Task prompt:
Set down, exactly and only, everything from the line containing "Live at Warung Beach Club Brasil" down to the line containing "Costa e Nogueira" in the data below; the pictures are not part of the copy.

Recorded data Start Marker

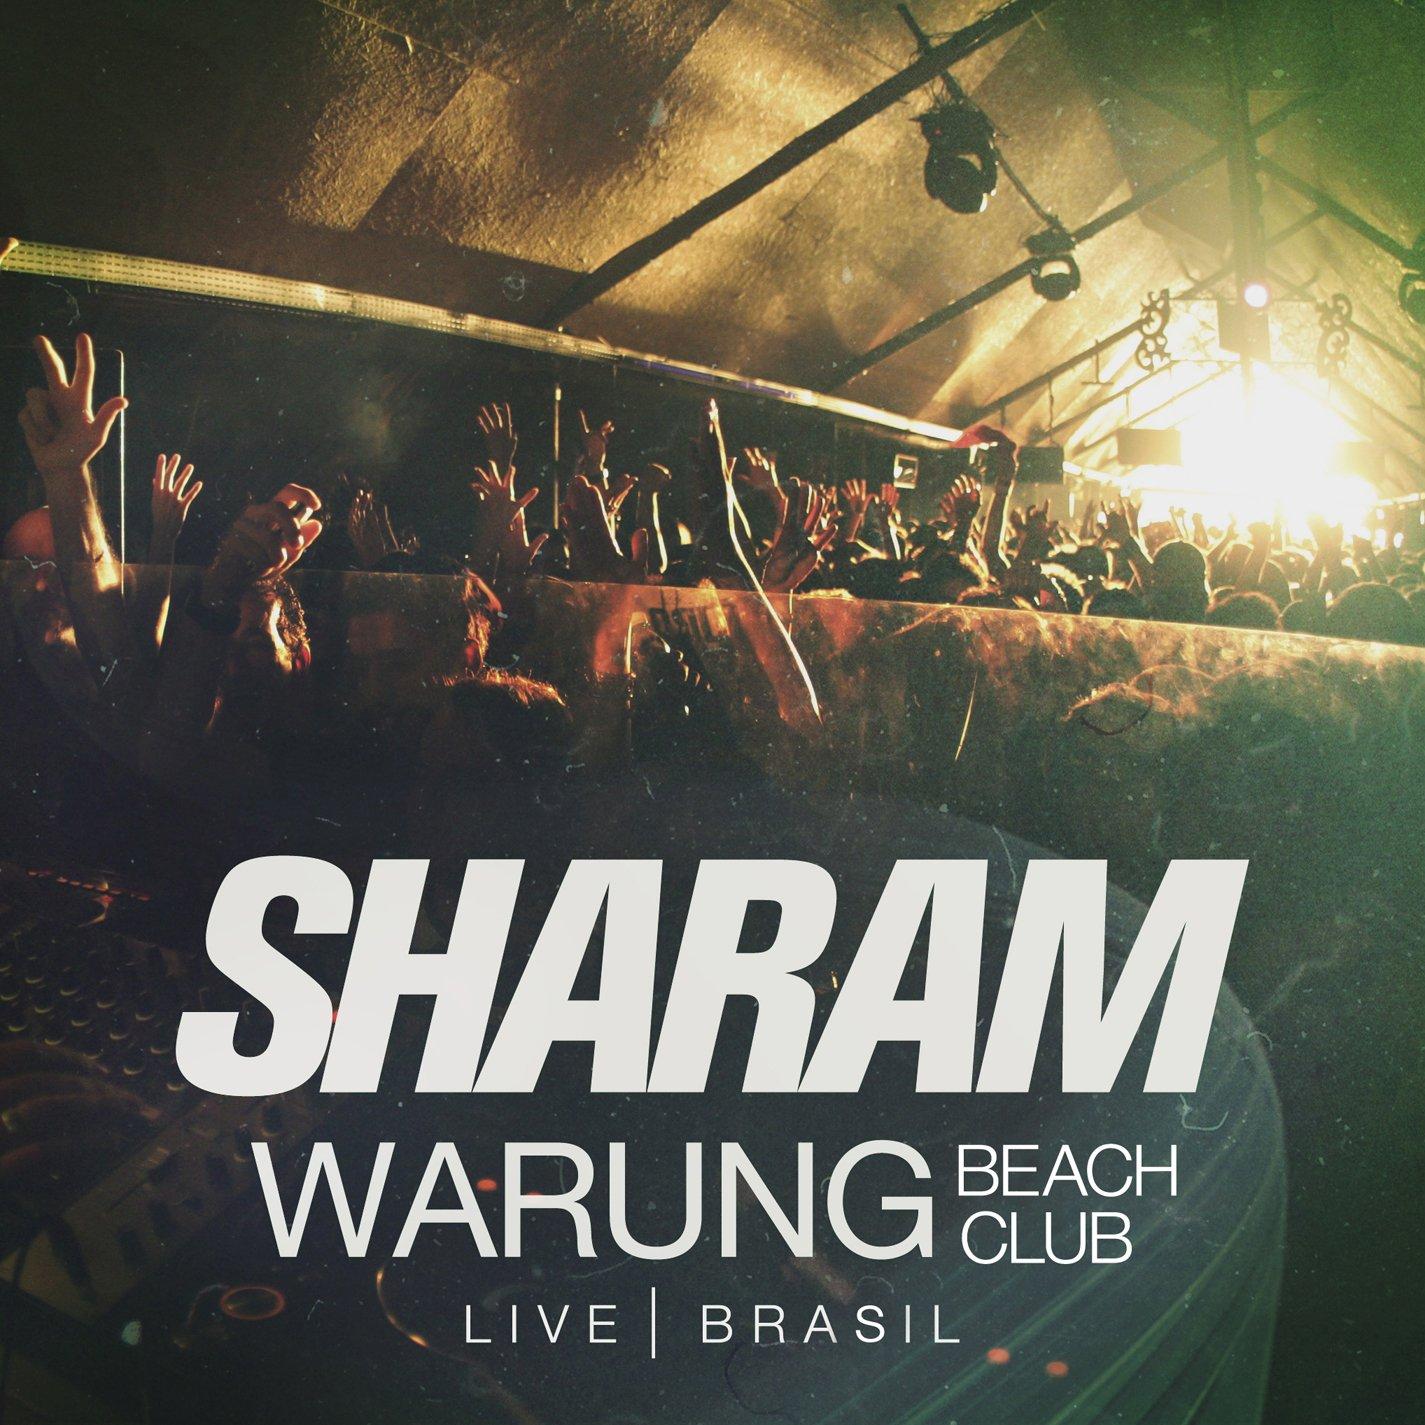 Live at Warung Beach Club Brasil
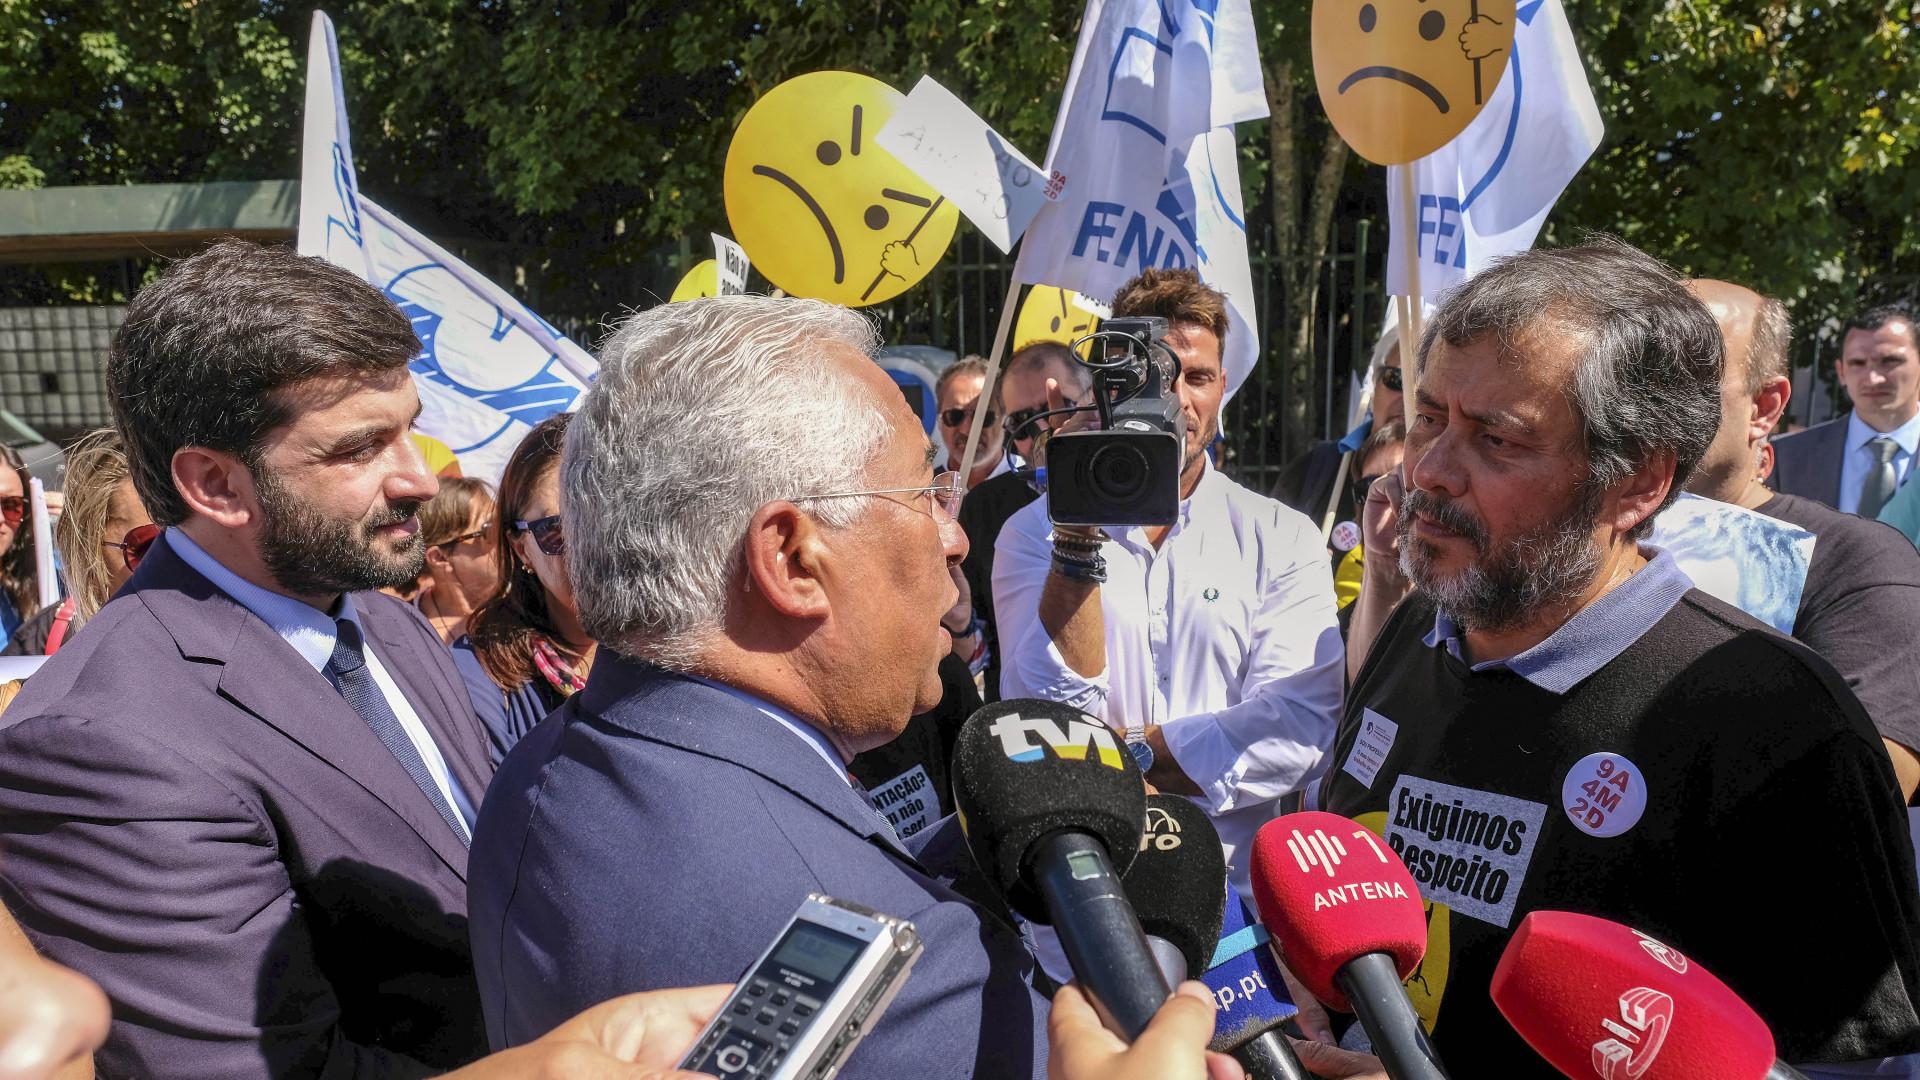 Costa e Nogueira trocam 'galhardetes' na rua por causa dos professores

Recorded data End Marker
Recorded data Start Marker

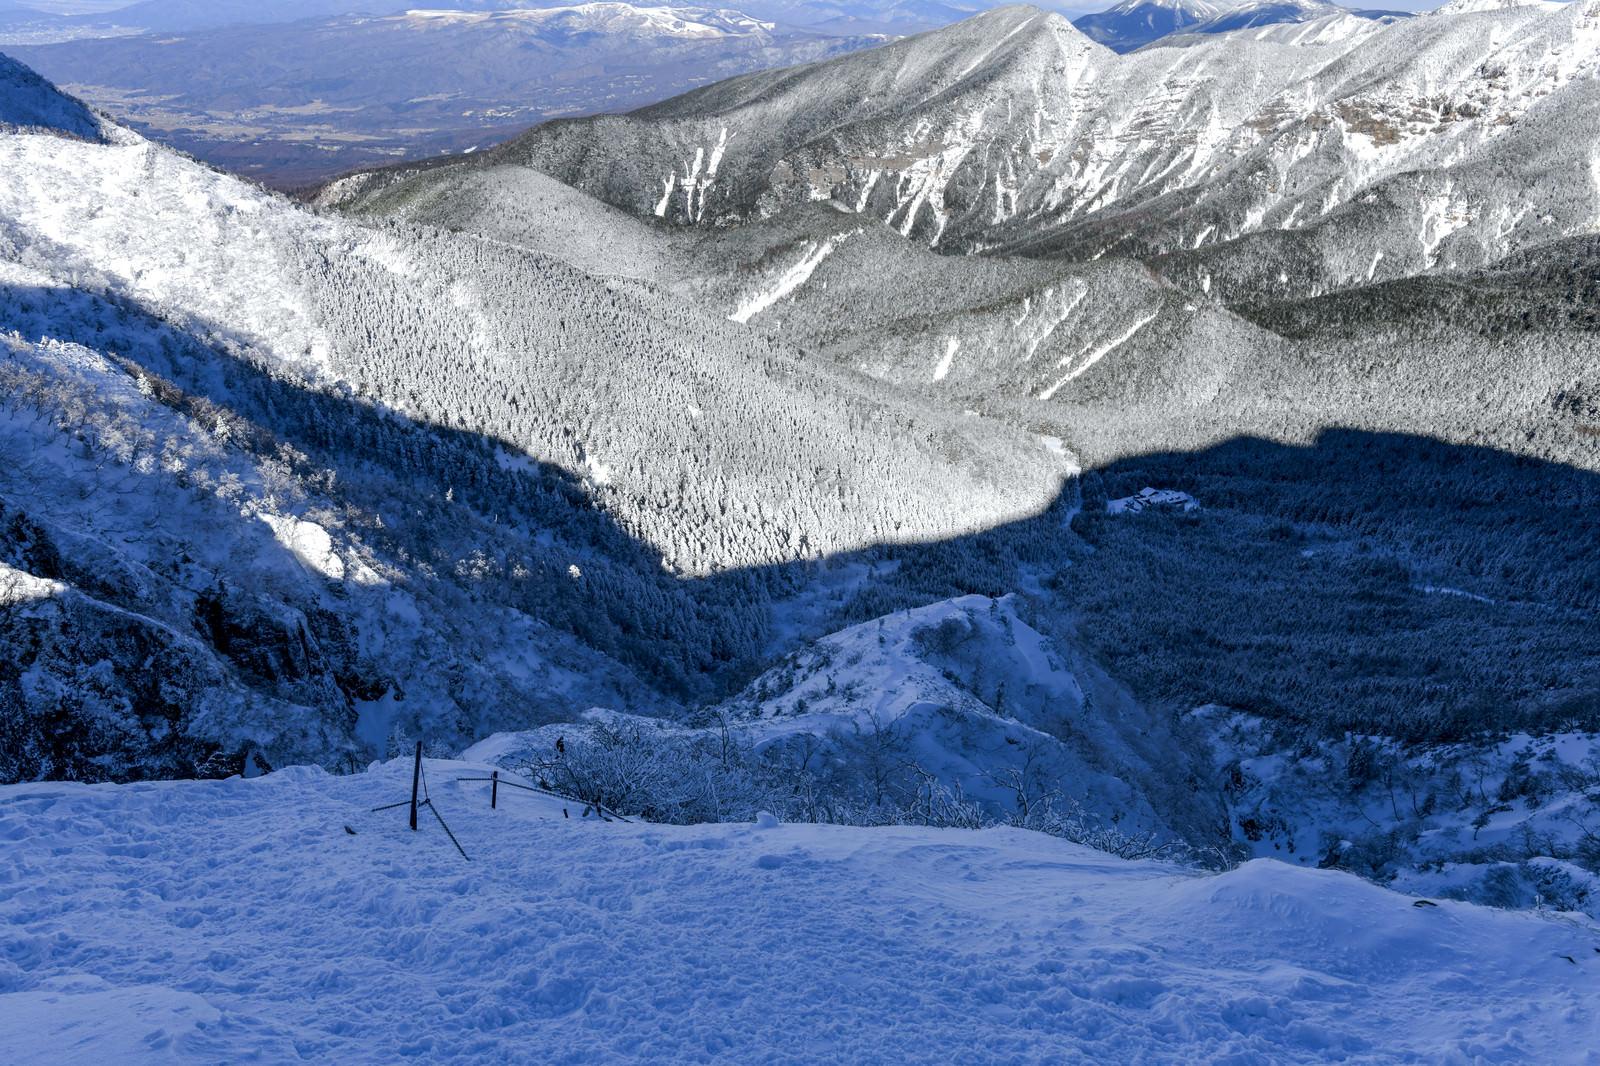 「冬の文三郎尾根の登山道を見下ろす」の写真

Recorded data End Marker

Answer area:
 Live at Warung Beach Club Brasil
 Costa e Nogueira trocam 'galhardetes' na rua por causa dos professores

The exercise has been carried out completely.